Problem statement: Copy every line of the data exactly, keeping out any picture.

Stored data:
[Start of section]

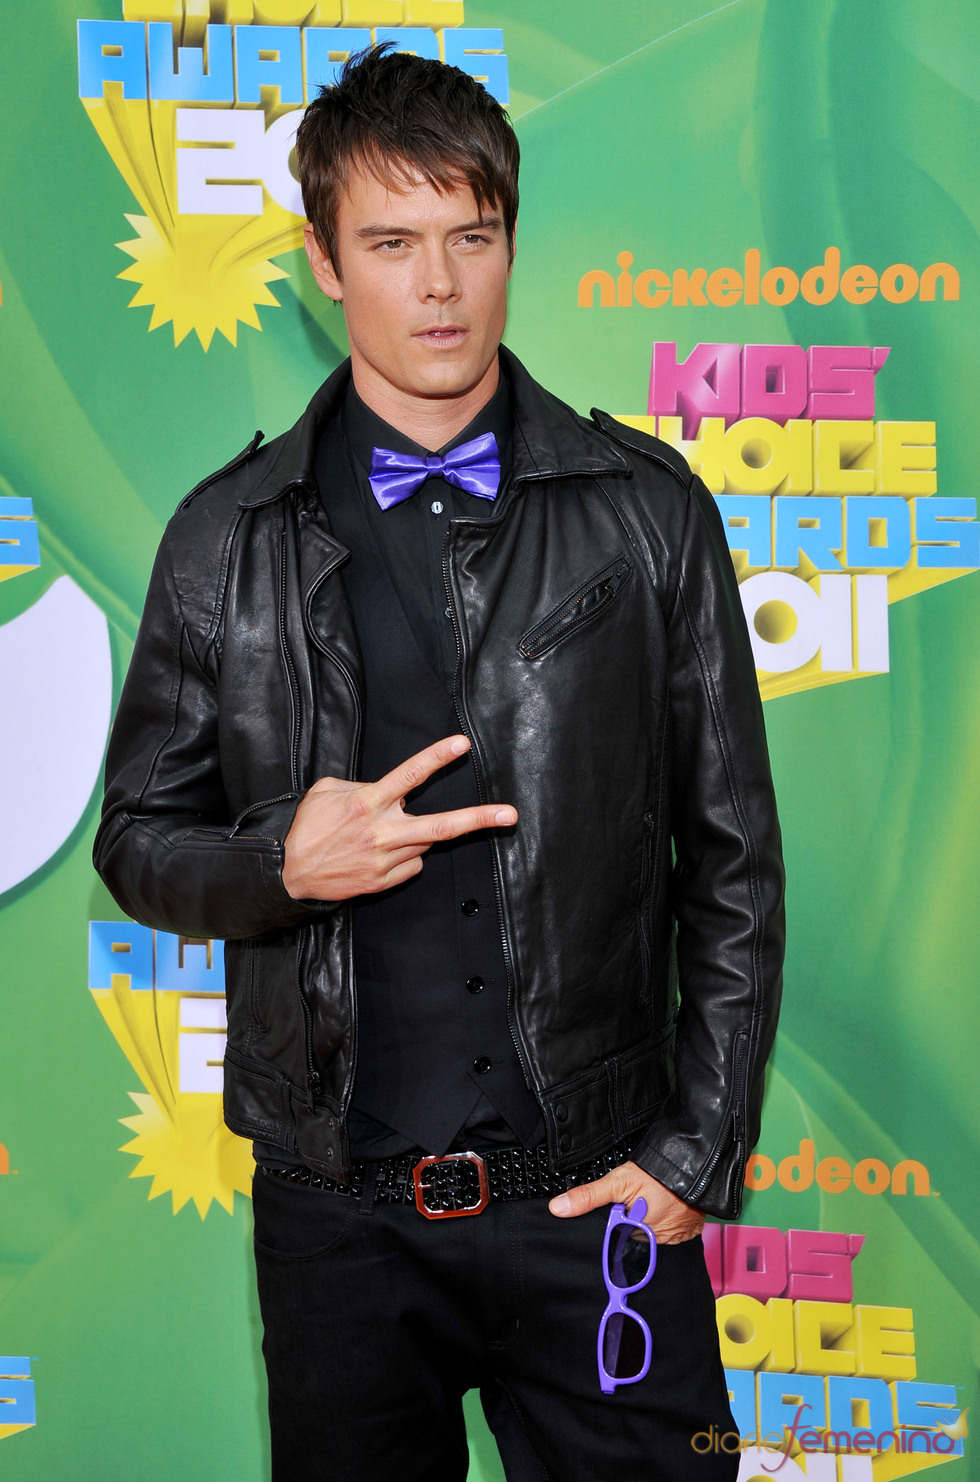 Josh Duhamel en la alfombra roja de los Kids' Choice Awards
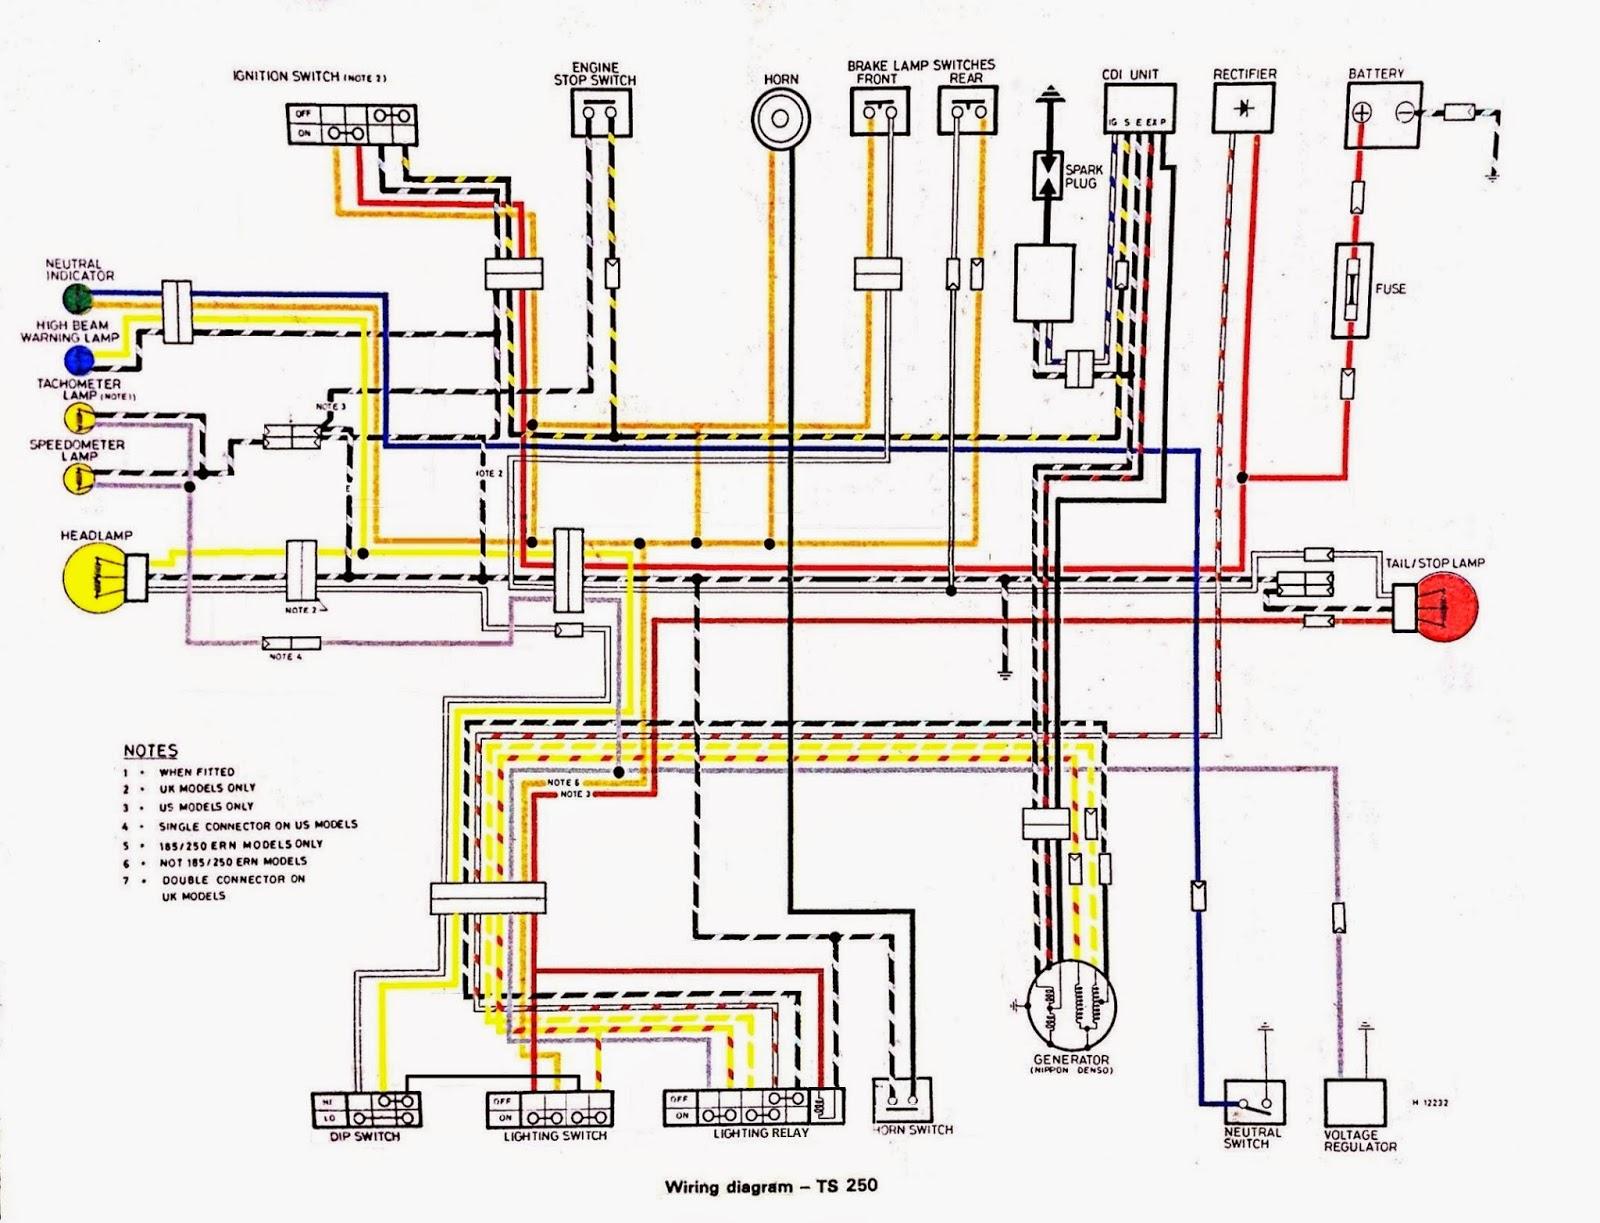 DT_2759] Suzuki Motorcycle Wiring Diagrams Free Free DiagramNnigh Trua Numap Ittab Licuk Mohammedshrine Librar Wiring 101
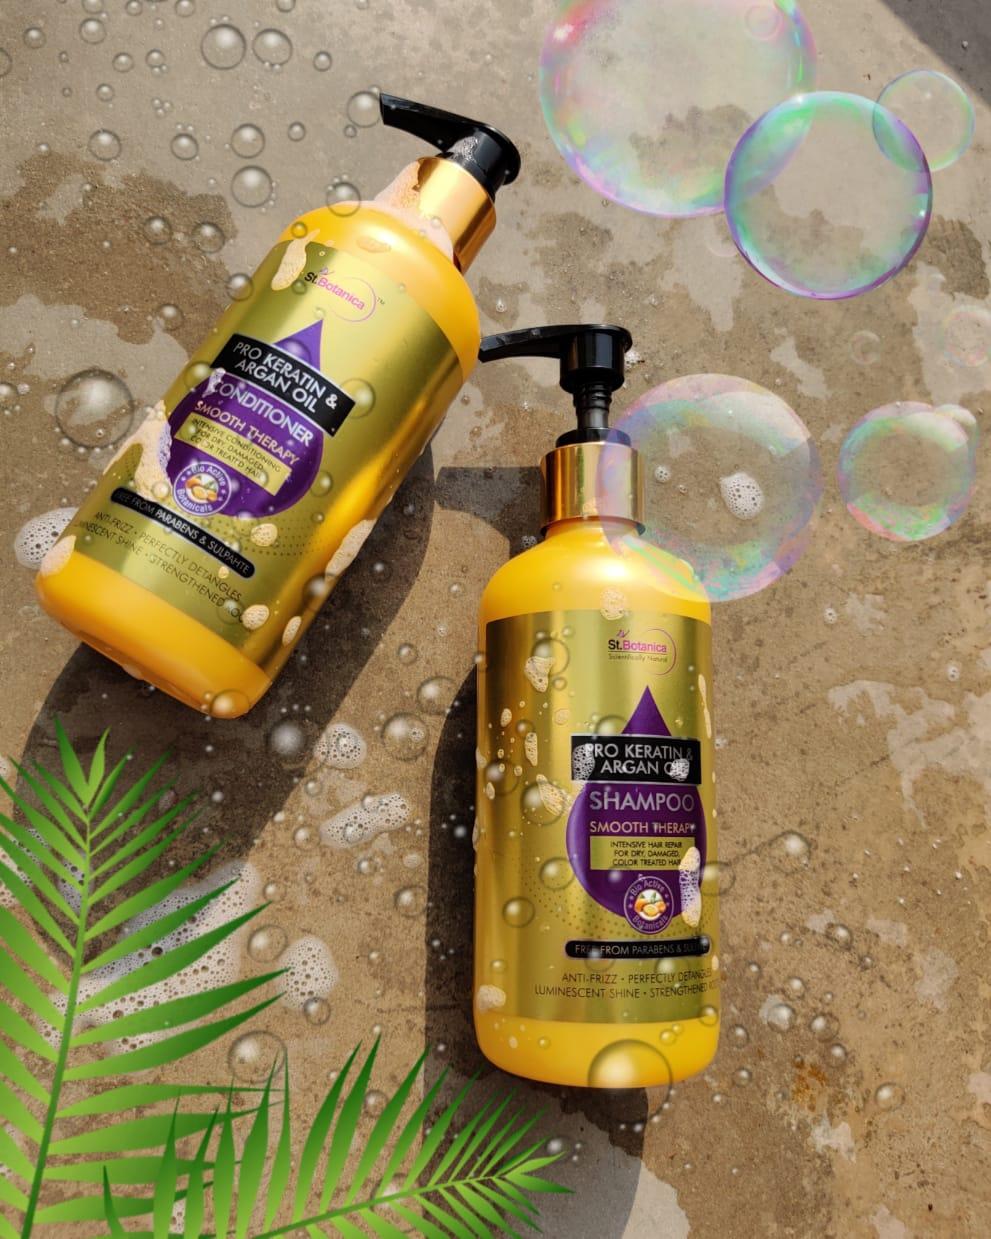 St.Botanica Pro Keratin & Argan Oil Shampoo-Best shampoo for dry and frizzy hair-By jagriti2468

[End of section]

Exercise response:
 Josh Duhamel en la alfombra roja de los Kids' Choice Awards
 DT_2759] Suzuki Motorcycle Wiring Diagrams Free Free DiagramNnigh Trua Numap Ittab Licuk Mohammedshrine Librar Wiring 101
 St.Botanica Pro Keratin & Argan Oil Shampoo-Best shampoo for dry and frizzy hair-By jagriti2468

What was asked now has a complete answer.